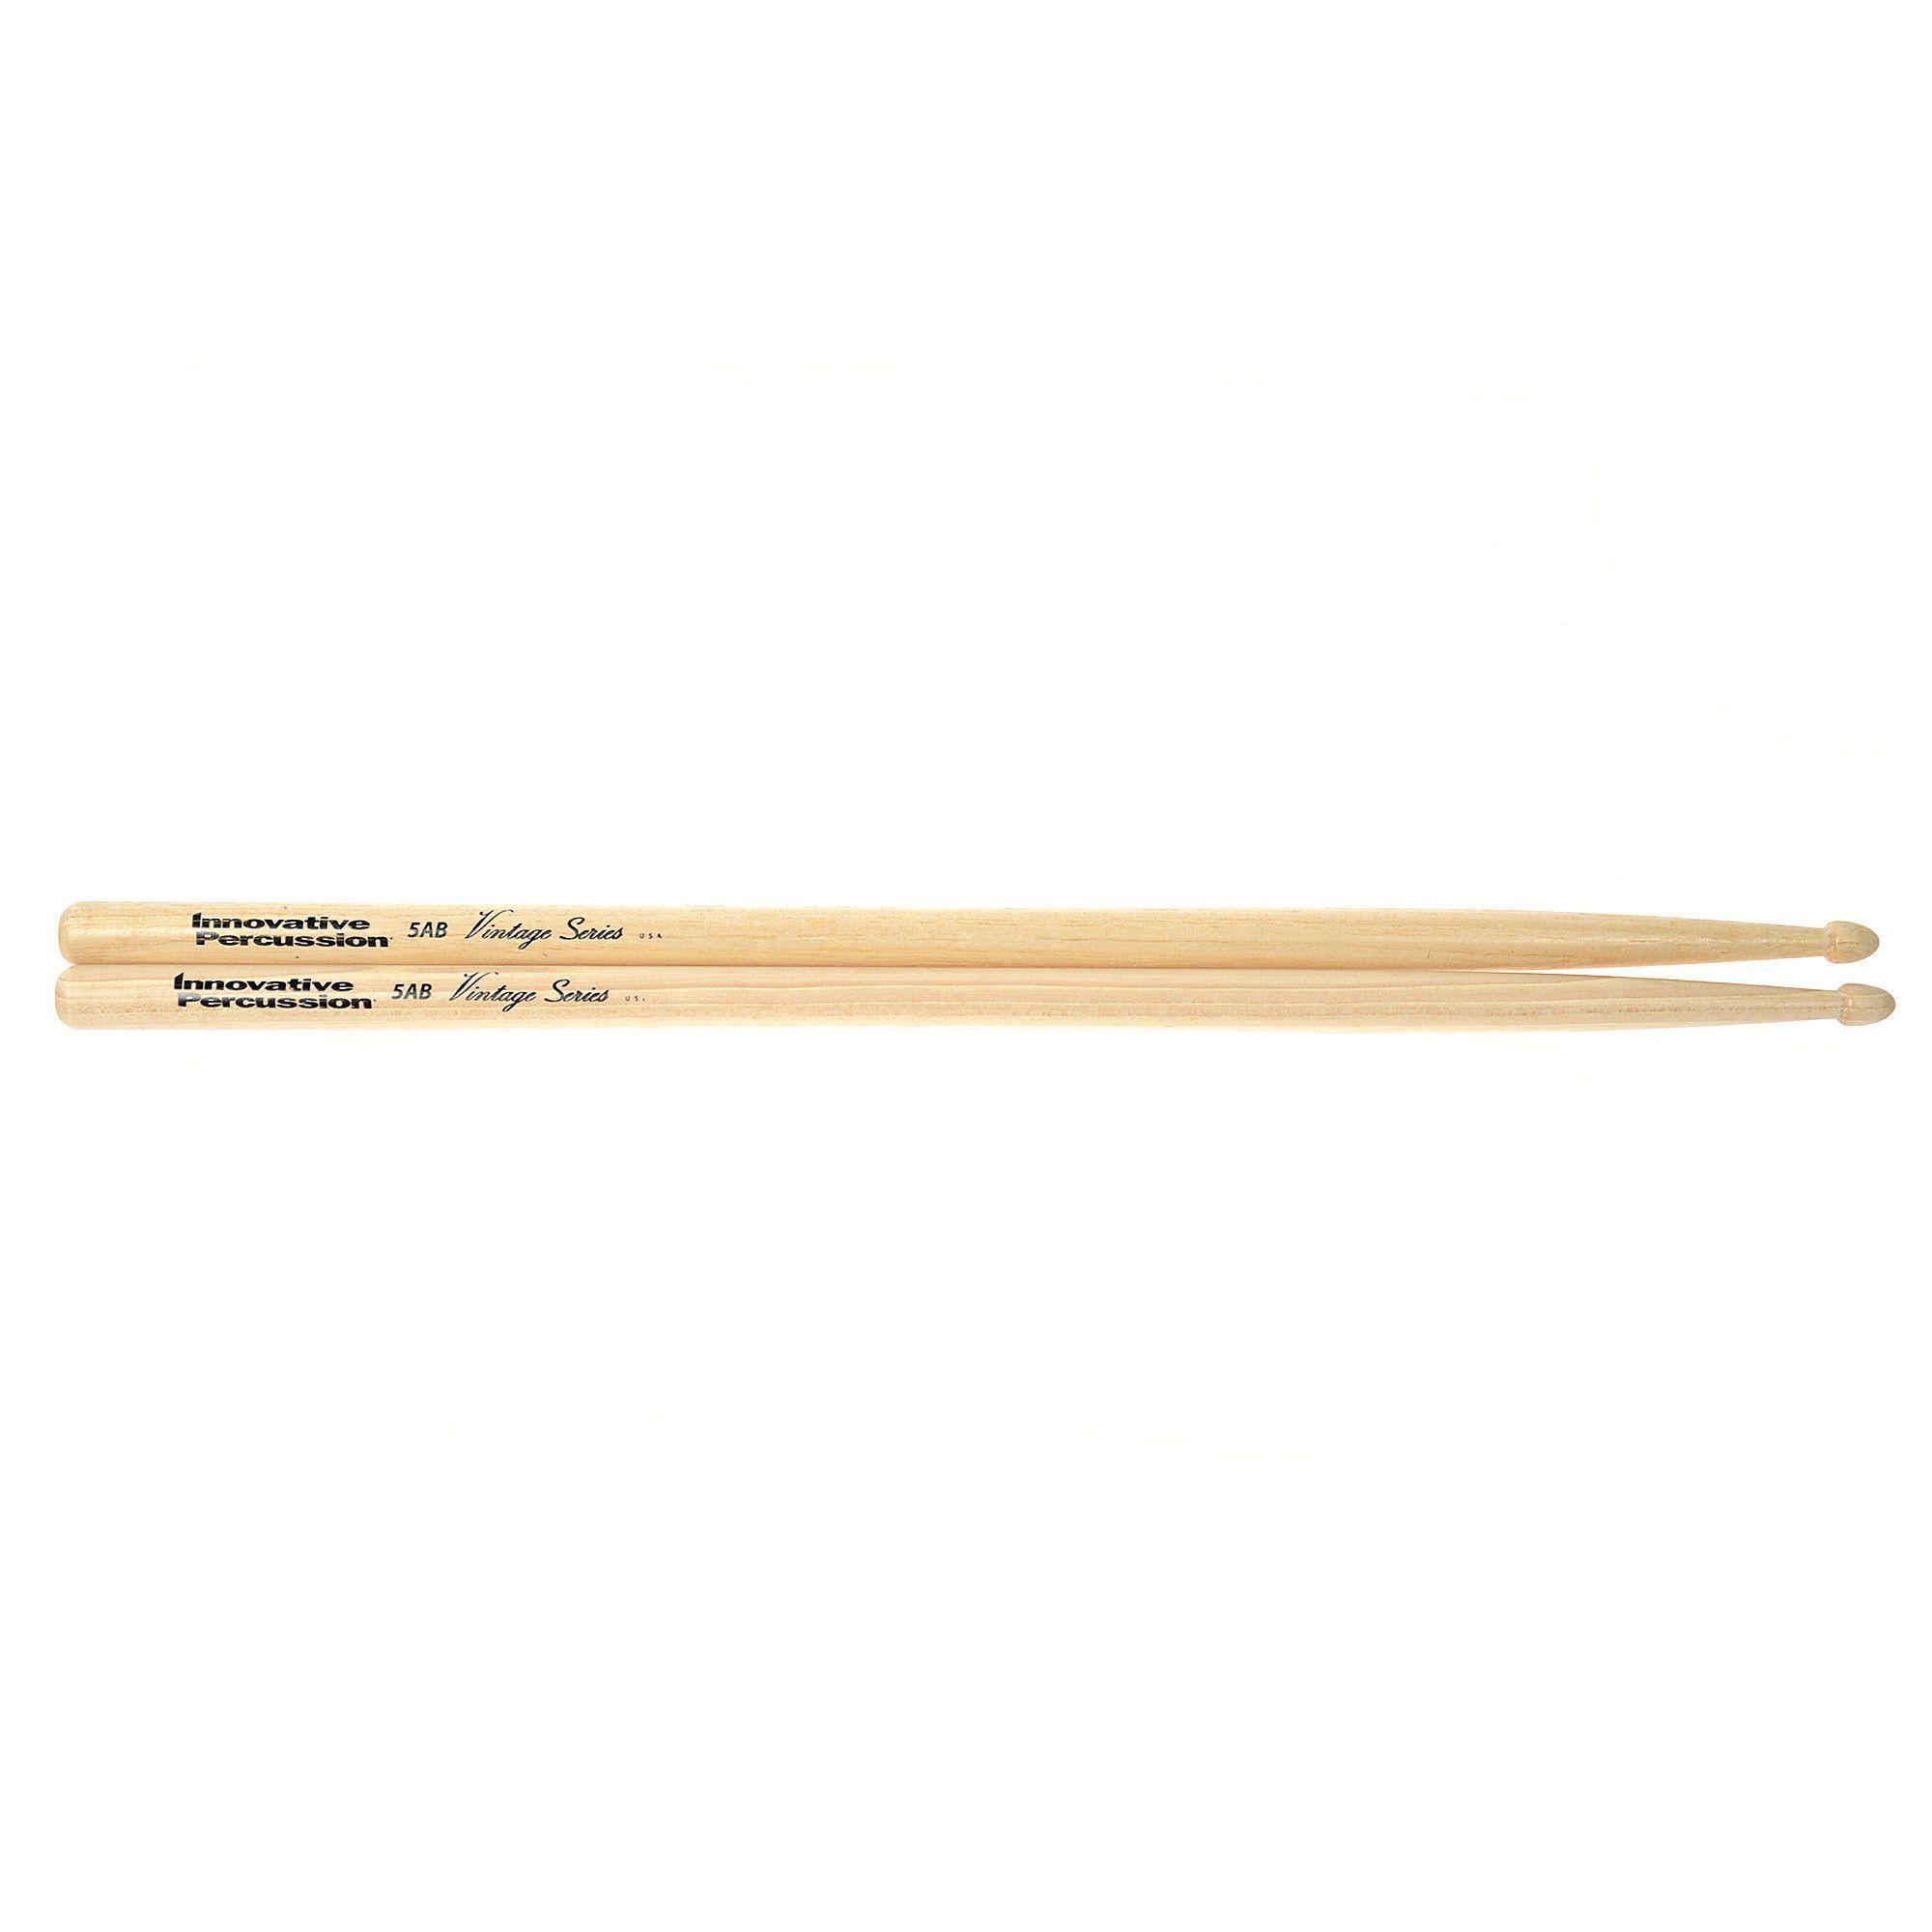 Innovative Percussion Vintage Series 5AB Hickory Sticks
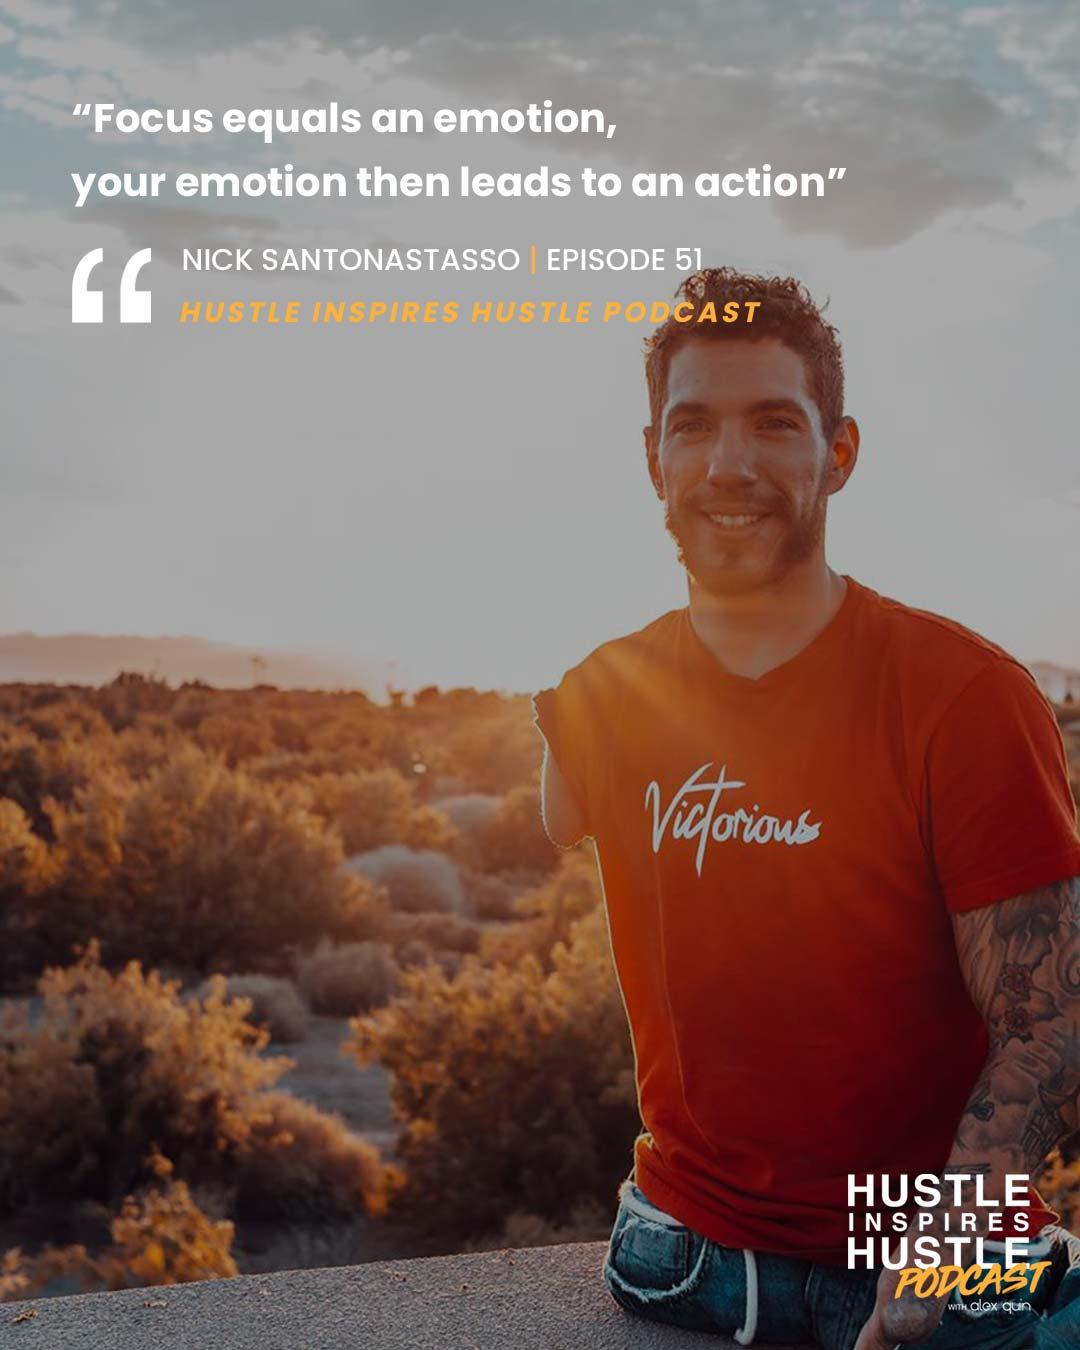 Nick Santonastasso Hustle Inspires Hustle Podcast
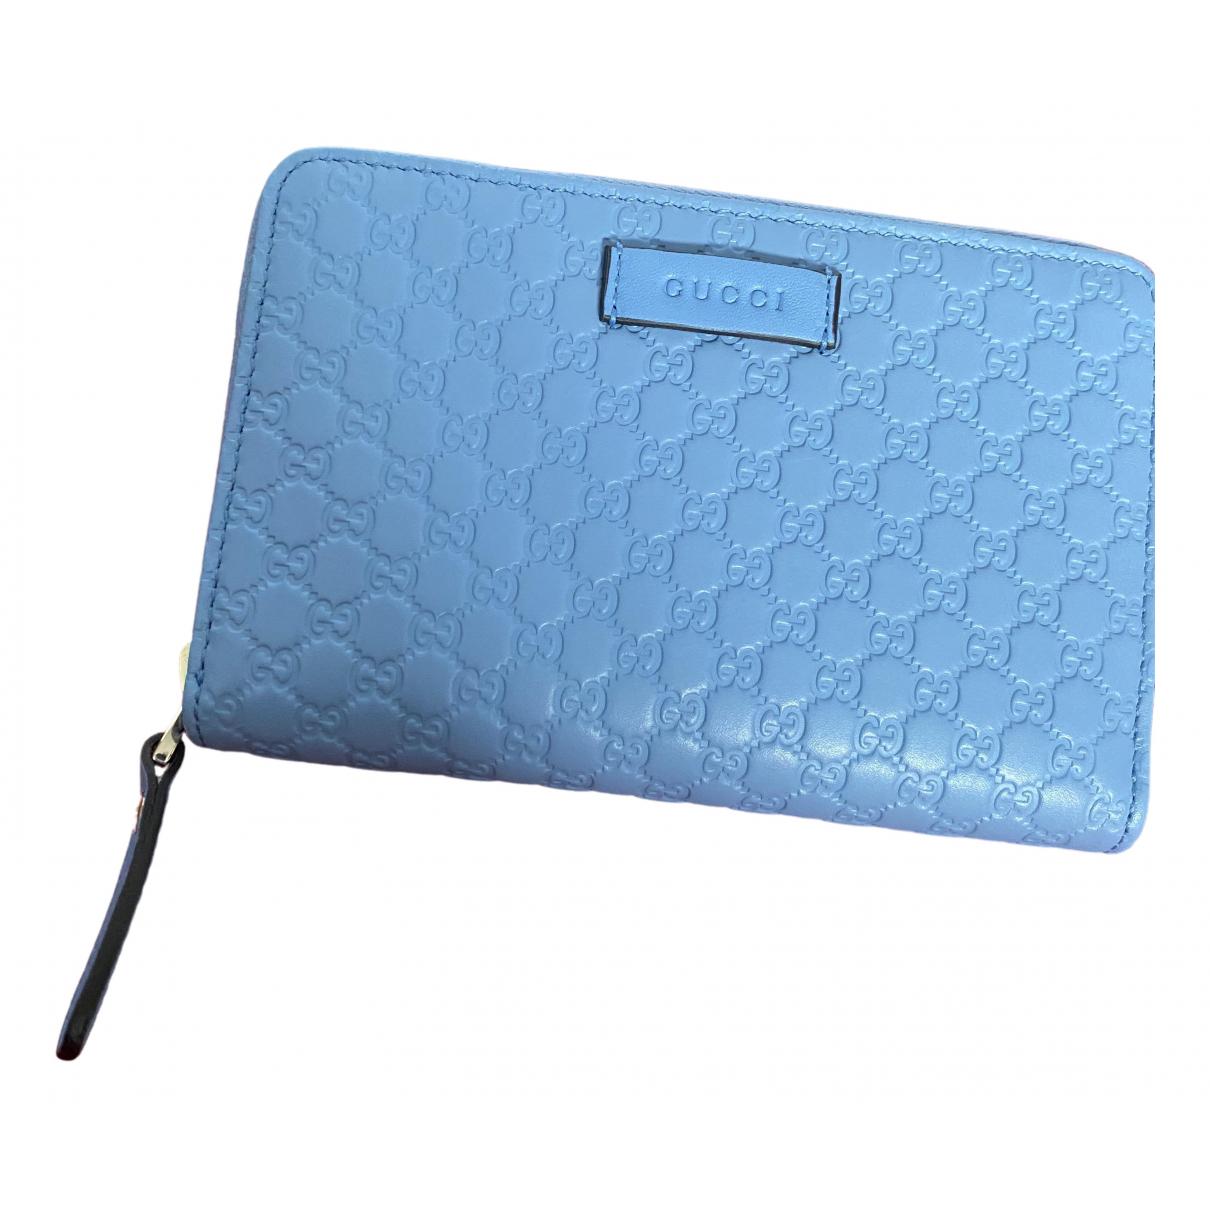 Gucci Continental Portemonnaie in  Blau Leder

-- What is needed --
Your copy should hold exactly the lines from the line containing "Nick Santonastasso Hustle" through the last line of the listing above, both included, and no pictures.

-- Response for this exercise --
 Nick Santonastasso Hustle Inspires Hustle Podcast
 Gucci Continental Portemonnaie in  Blau Leder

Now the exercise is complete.